Sep 16, 2019, 11:27:27 AM9/16/19

to kaldi-help

First of all thanks for posting this, I've also been thinking about this on and off for a while and it's nice to discuss.

I think it's important to remember when making these comparisons that the topology also matters, i.e. the number of PDFs you have per CD phone. In my experience, given the same topology (the default one with two distinct PDFs), triphone actually beats biphone slightly. But the issue is using triphones results in a huge number of output states, and the loss in speed is just not worth the slight decrease in WER.

Probably when you have large amounts of data clustering is not necessary (and degrades results), I still want to investigate that.

I do think that having targets that span more context helps. Reason why I think that is because of the feature windows the current kaldi models use, the 15 layer TDNNFs use a context window of +-35, which I think is insanely huge for predicting biphones, and yet it works! Change the models to reduce the input size by 5-10 and the results get significantly worse. I think what unintentionally ends up happening, due the relatively large number of PDFs, is that the acoustic model ends up learning subword targets that span across more audio than the biphone targets identify (with the high number of PDFs allowing for the biphone targets to end up not being part of that many different words). That's the only way I can explain the very large input sizes helping.

I was thinking it would be interesting to try out variable size contexts, so that longer phoneme sequences that appear often could be better learned by the model, while still keeping the total number of PDFs low for efficiency. But it's a bit tricky to implement (for me at least), and very possible that it doesn't actually help at all anyways (since we know going biphone -> triphone doesn't help much if at all).

Note about this paper, "No need for a lexicon? Evaluating the value of pronunciation lexica in end-to-end models" while interesting they used context INdependent phones.
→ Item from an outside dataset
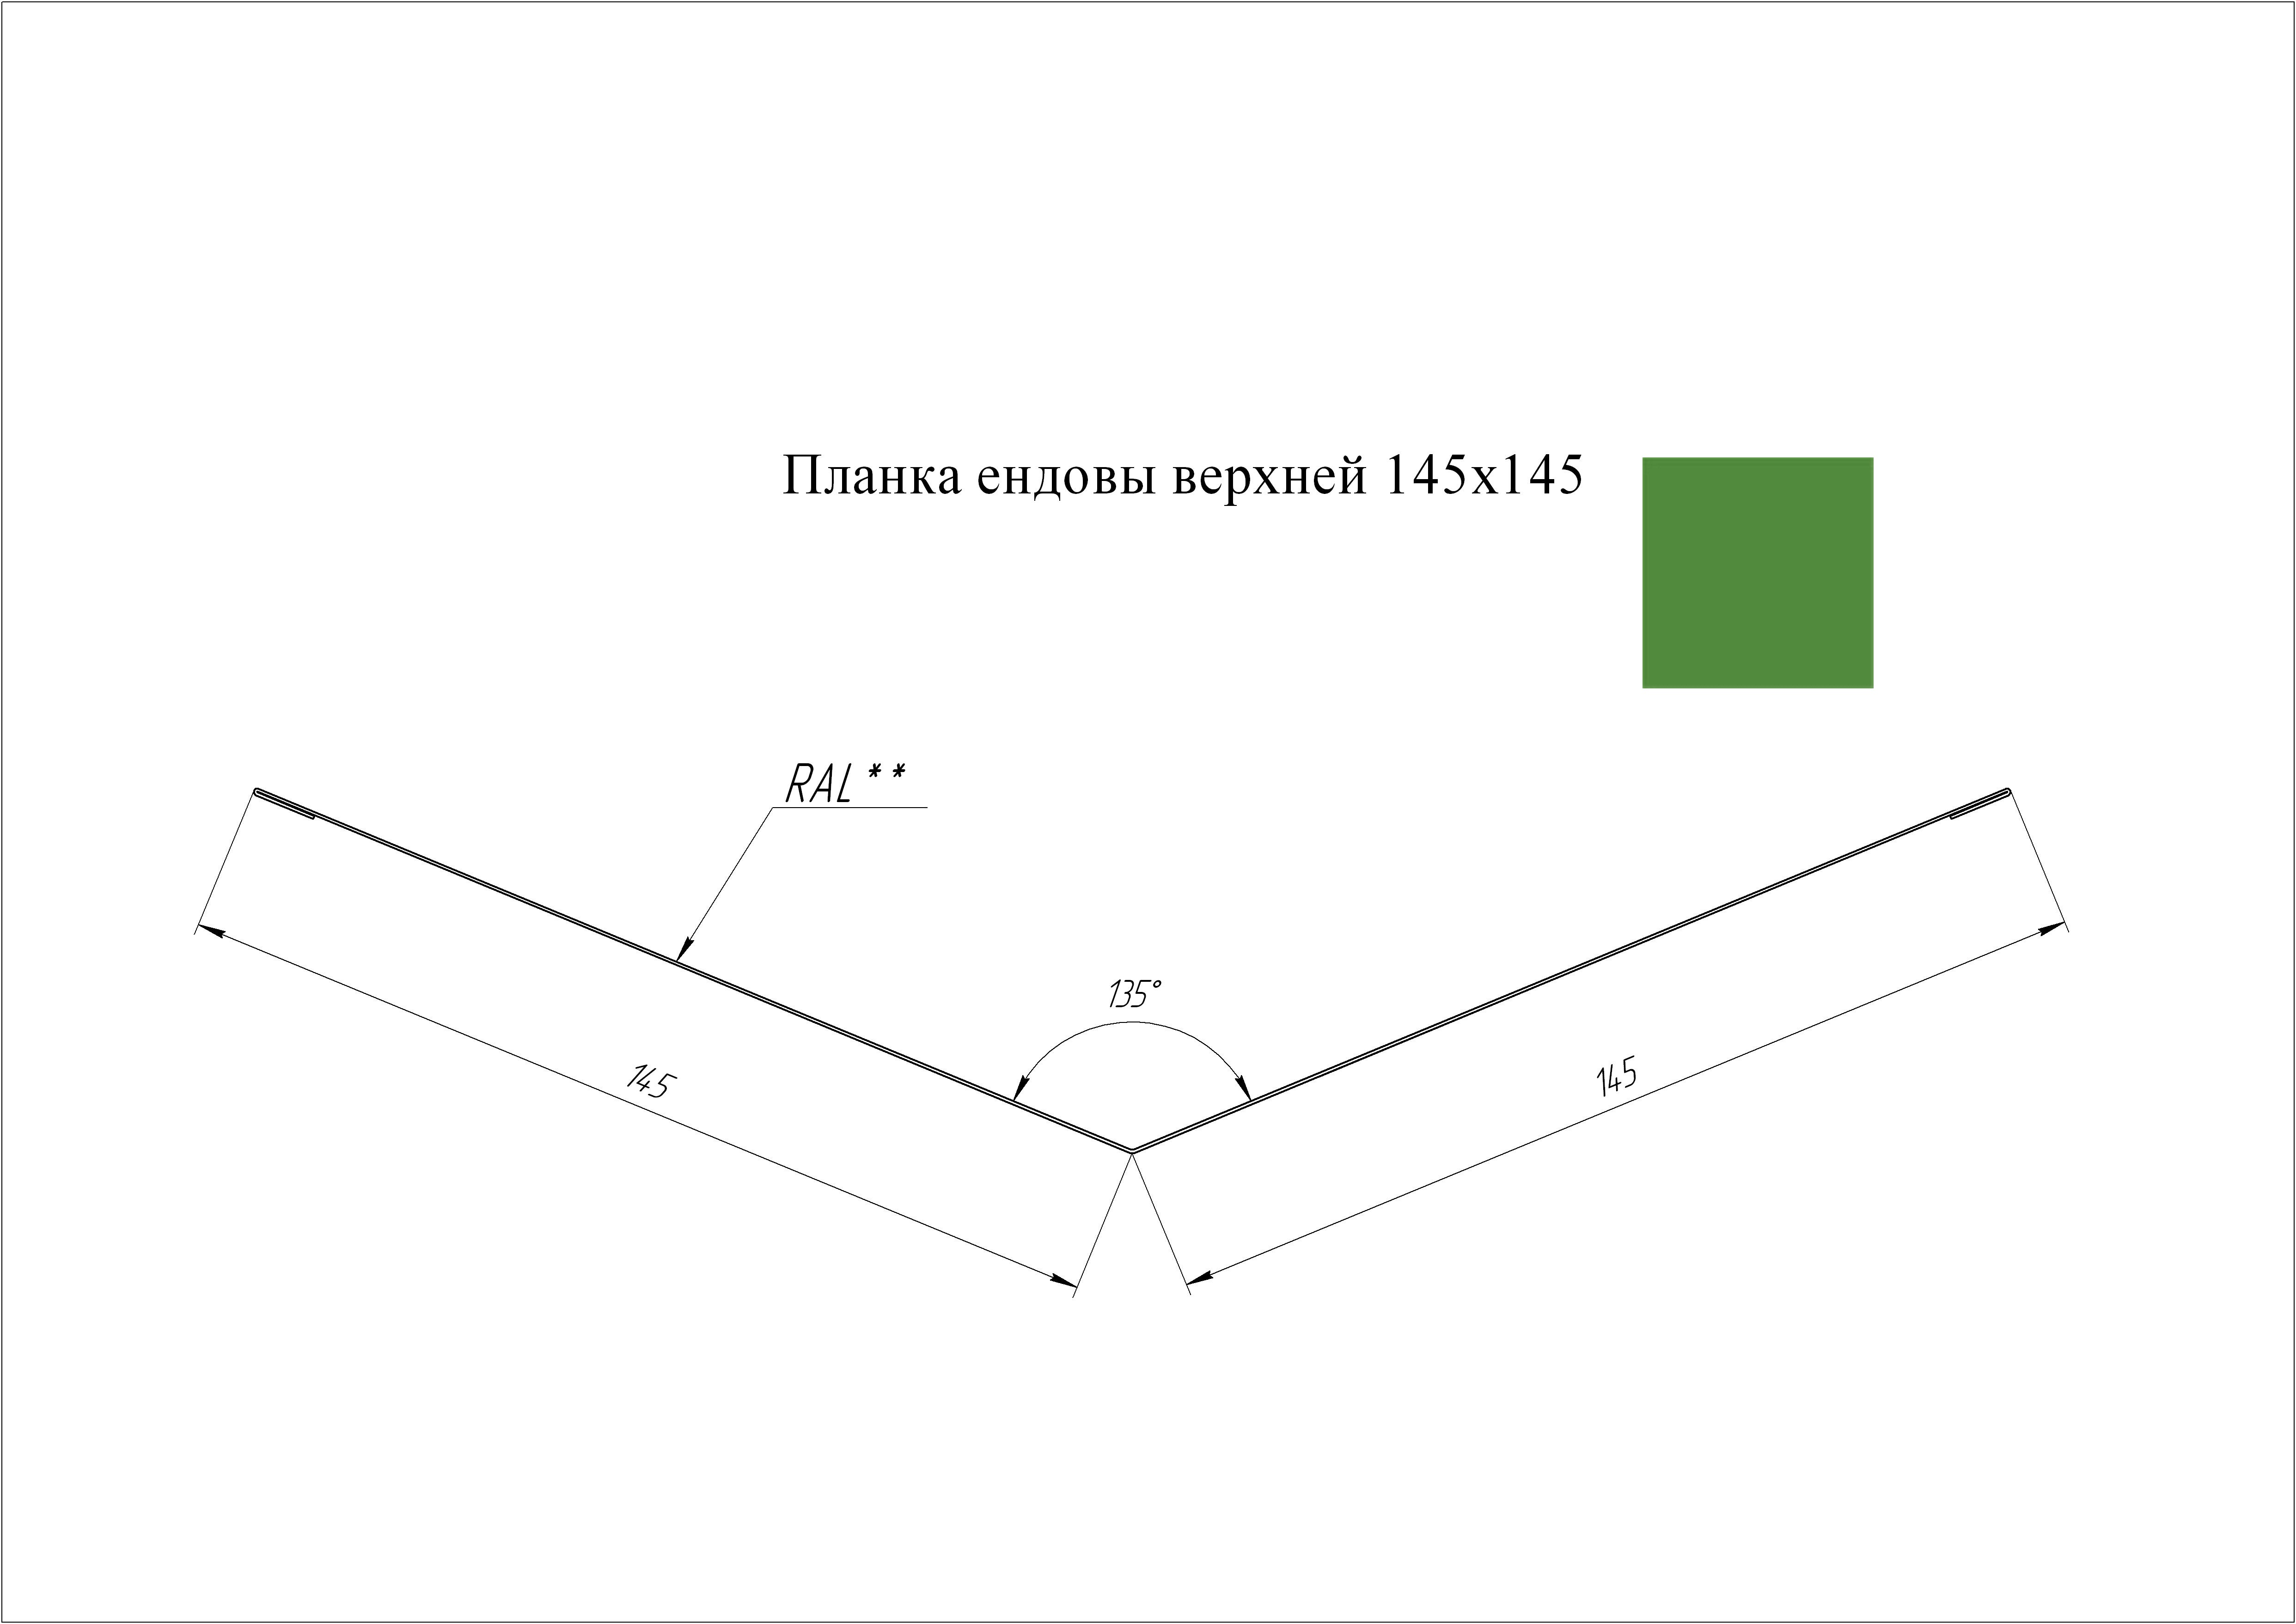 Ендова верхняя 145*145 мм L=3 м GL PE-полиэстер 0,45 RAL 6002 - зеленый лист

So it does not surprise me their phoneme model did not do that well.

Kirill Katsnelson

unread,

Sep 16, 2019, 7:14:45 PM9/16/19

to kaldi-help

On Monday, September 16, 2019 at 8:27:27 AM UTC-7, Rudolf A. Braun wrote:

the 15 layer TDNNFs use a context window of +-35, which I think is insanely huge for predicting biphones, and yet it works!

This is not surprising; the model sees a segment of 76×3(=frame offset)×10ms ≈ 2.3 second long. With such a large context, what is the point of clustering at all?
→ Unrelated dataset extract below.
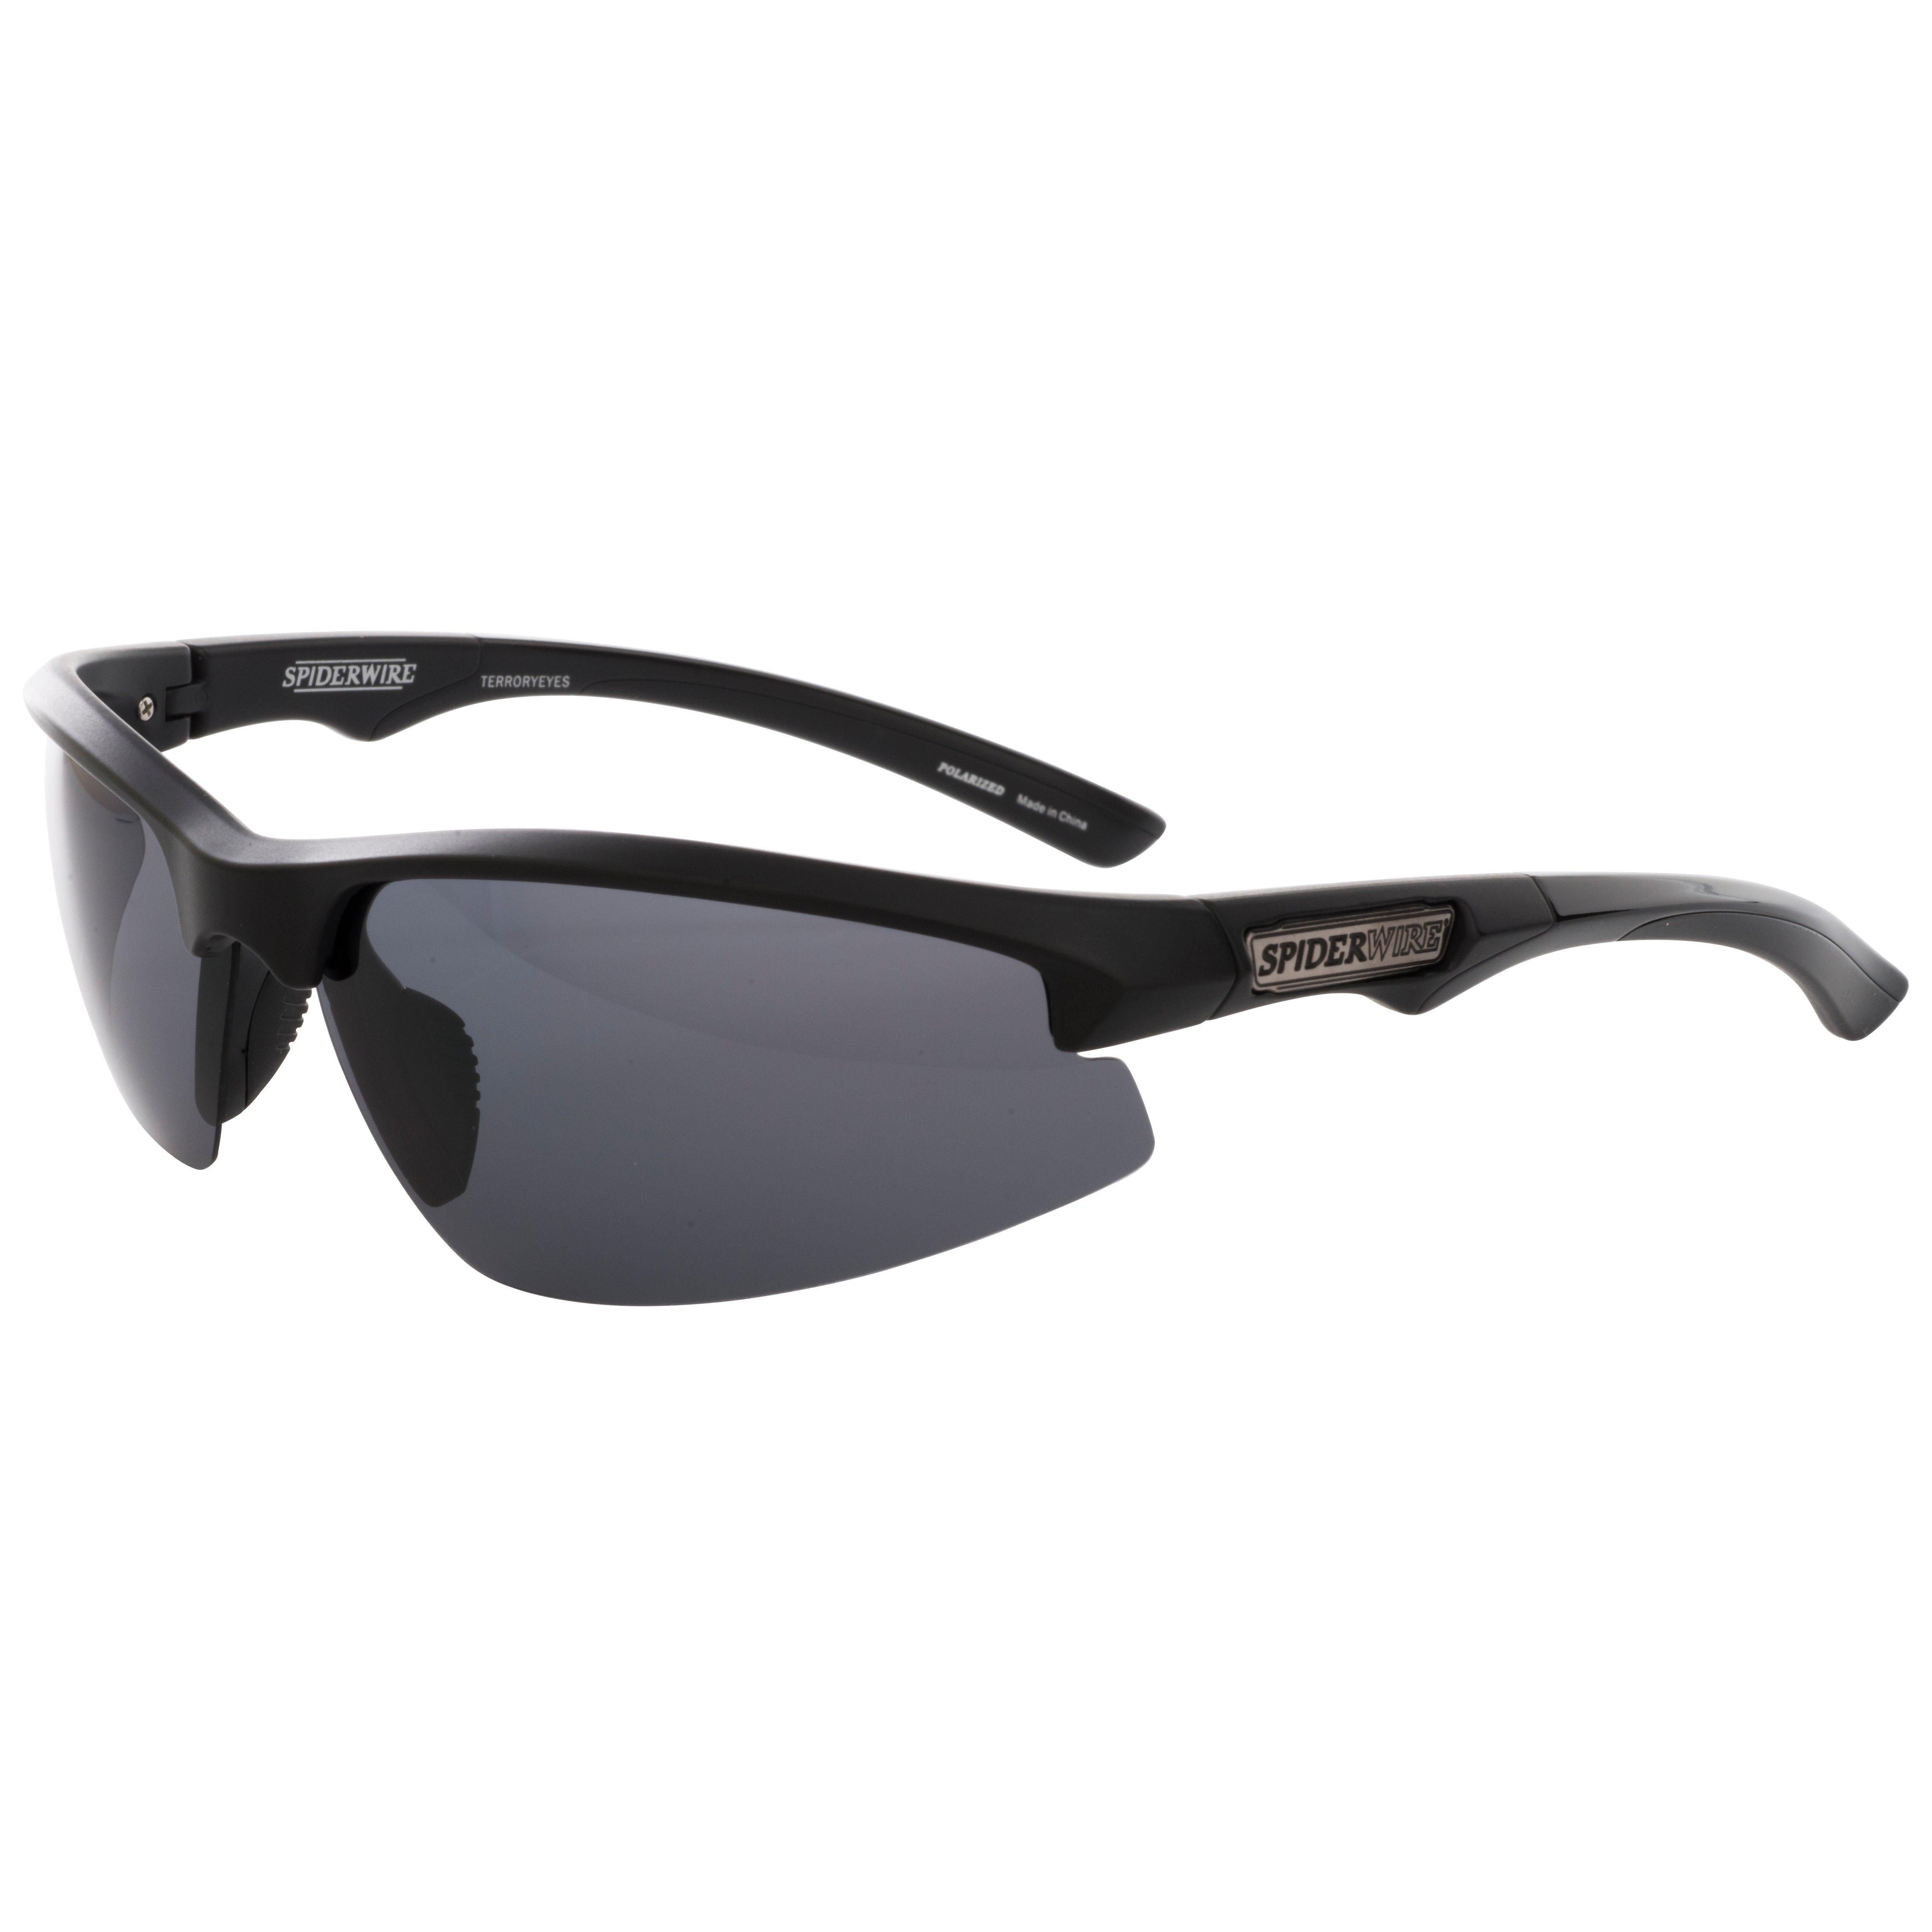 Spiderwire Classic SPW009 Polarized Fishing Sunglasses, Matte Black/Smoke

Note about this paper, "No need for a lexicon? Evaluating the value of pronunciation lexica in end-to-end models" while interesting they used context INdependent phones. So it does not surprise me their phoneme model did not do that well.

But that's exactly what surprises me! The model sees all the phones there are in the data, and in very wide contexts, perhaps more than a whole syllable, and long dependencies can be in principle inferred. And the DNN seems much finer an instrument than greedy clustering. I do not see a reason why a monophone CI model would fare worse than a biphone model.

-kkm

Rémi Francis

unread,

Sep 17, 2019, 8:11:02 AM9/17/19

to kaldi-help

My point of vue is that the more you remove context in phone targets, the more you offload the decoding to the neural net.

So there's gonna be a sweet spot between giving the neural net more supervision, and just letting it do everything on its own.

On Tuesday, 17 September 2019 00:14:45 UTC+1, Kirill Katsnelson wrote:

On Monday, September 16, 2019 at 8:27:27 AM UTC-7, Rudolf A. Braun wrote:

the 15 layer TDNNFs use a context window of +-35, which I think is insanely huge for predicting biphones, and yet it works!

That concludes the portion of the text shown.